PaperBanana is an advanced academic illustration generator specifically designed for researchers, transforming raw paper text, references, and even rough sketches into publication-ready methodology diagrams, statistical plots, and clean AI research figures. It aims to eliminate the tedious manual process of redrawing figures, offering a streamlined workflow for creating high-quality visuals for papers, posters, and presentations.
Key Features and Tools:
- Image to Image Generation: Users can upload sketches, draft diagrams, screenshots, or reference images and describe the desired research figure for generation. This tool is ideal for quickly converting initial concepts into structured visuals.
- AI Image Editor: This feature allows for precise editing and cleaning of existing visuals using text instructions. Researchers can revise figures, clean compositions, adjust details, or transform drafts into stronger, more polished versions.
- Image Upscaler: For low-quality drafts or screenshots, the Image Upscaler enhances clarity and output resolution, ensuring figures are crisp and ready for publication.
- Context-Driven Generation: Unlike generic AI art tools, PaperBanana prioritizes scientific faithfulness by starting from source context. Users paste method sections, system overviews, or notes, which guides the AI in planning a cleaner, more accurate academic illustration.
- Agentic Layout Planning: The generator plans the figure structure—mapping stages, blocks, and data flow—before rendering visuals. This ensures logical consistency and adherence to scientific principles, crucial for methodology diagrams.
- Iterative Refinement: The platform supports an iterative review process. If an initial draft is crowded or vague, the system can critique and revise the figure based on feedback, improving wording, spacing, and composition without requiring a complete restart.
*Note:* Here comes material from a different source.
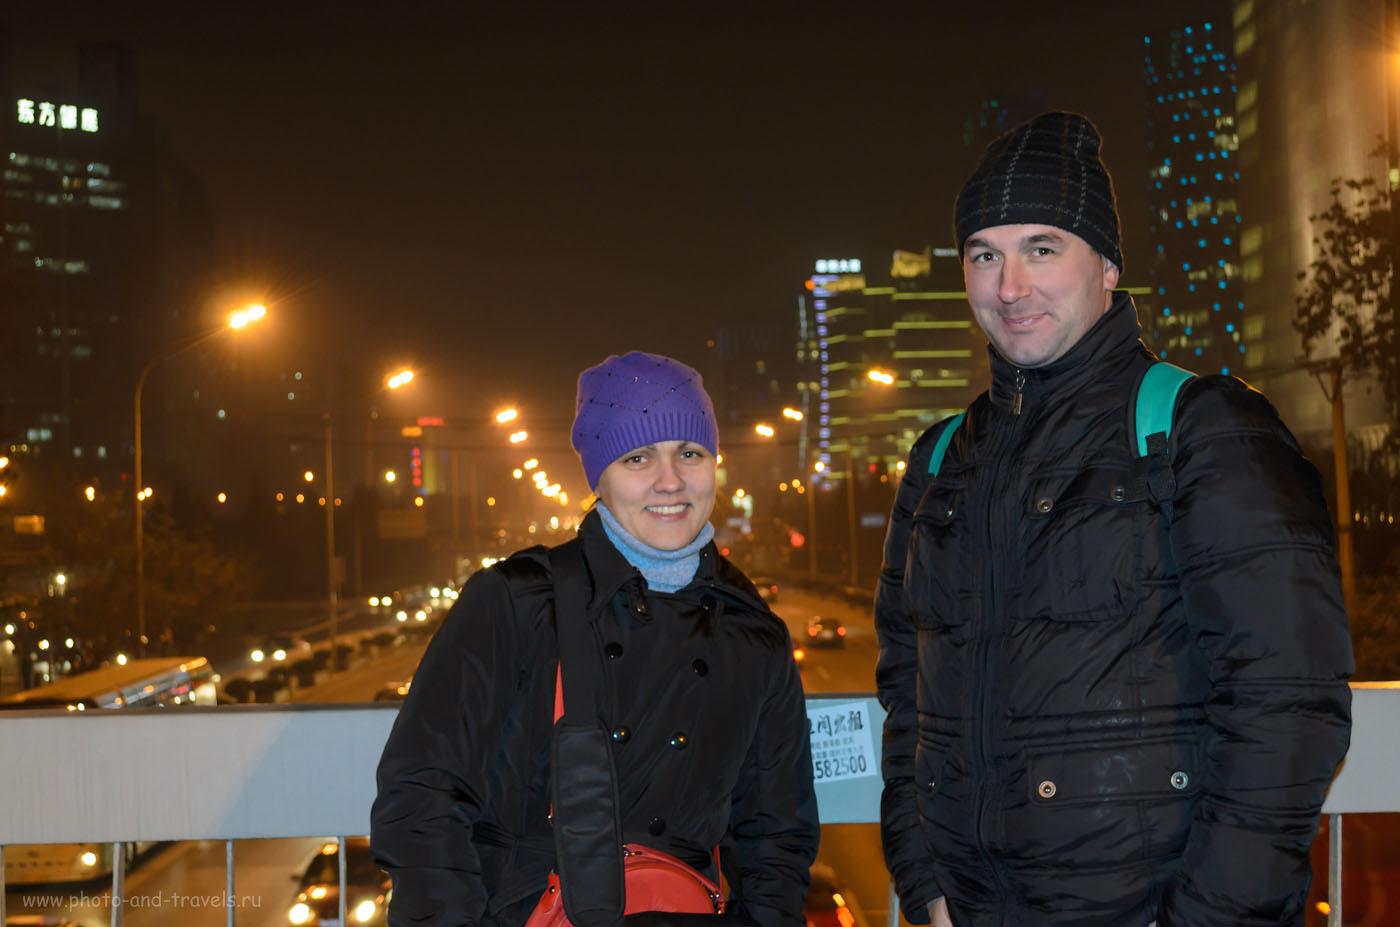 """Фотография 11. Ночной портрет на любительскую зеркалку Nikon D5100 KIT 18-55. Автор - штатив. Режим съемки """"Ночной портрет"""". Рассказы про отдых в Китае. Отзывы об экскурсиях в Пекине."""

- Configurable Generation: Users have control over various parameters, including figure caption (to define the type of figure needed), maximum iterations (for speed or deeper review), and aspect ratio (to match paper, poster, or slide layouts).
- Cost Transparency: PaperBanana provides credit estimates upfront, and unused credits are refunded if a figure converges early, offering transparent cost management.
- Benchmark-Backed Quality: The platform is benchmarked for research use through "PaperBananaBench," a test set of 292 curated cases linked to NeurIPS 2025-style research figures, ensuring product quality is aligned with real academic needs.
Use Cases:
- Methodology Diagram Generation: Generate complex model architecture diagrams, algorithm pipelines, and system overviews directly from paper text or notes, saving significant time and effort.
- Academic Illustration Cleanup: Transform rough hand-drawn sketches, whiteboard notes, or early slide screenshots into polished, conference-ready academic illustrations with consistent labels and improved visual style.
- AI Research Figure Generation: Create various statistical plots, including bar charts, line charts, comparison charts, ablation studies, and benchmark figures. It also helps in preparing multi-panel layouts for posters and presentations, ensuring clear and structured data visualization.
PaperBanana is built for PhD students, lab researchers, startup research teams, and paper authors who need to accelerate figure production, achieve cleaner layouts, and ensure higher scientific faithfulness in their visuals, all without requiring specialized design skills. It offers a unified workflow for diverse academic illustration needs, from initial drafts to final publication-ready outputs.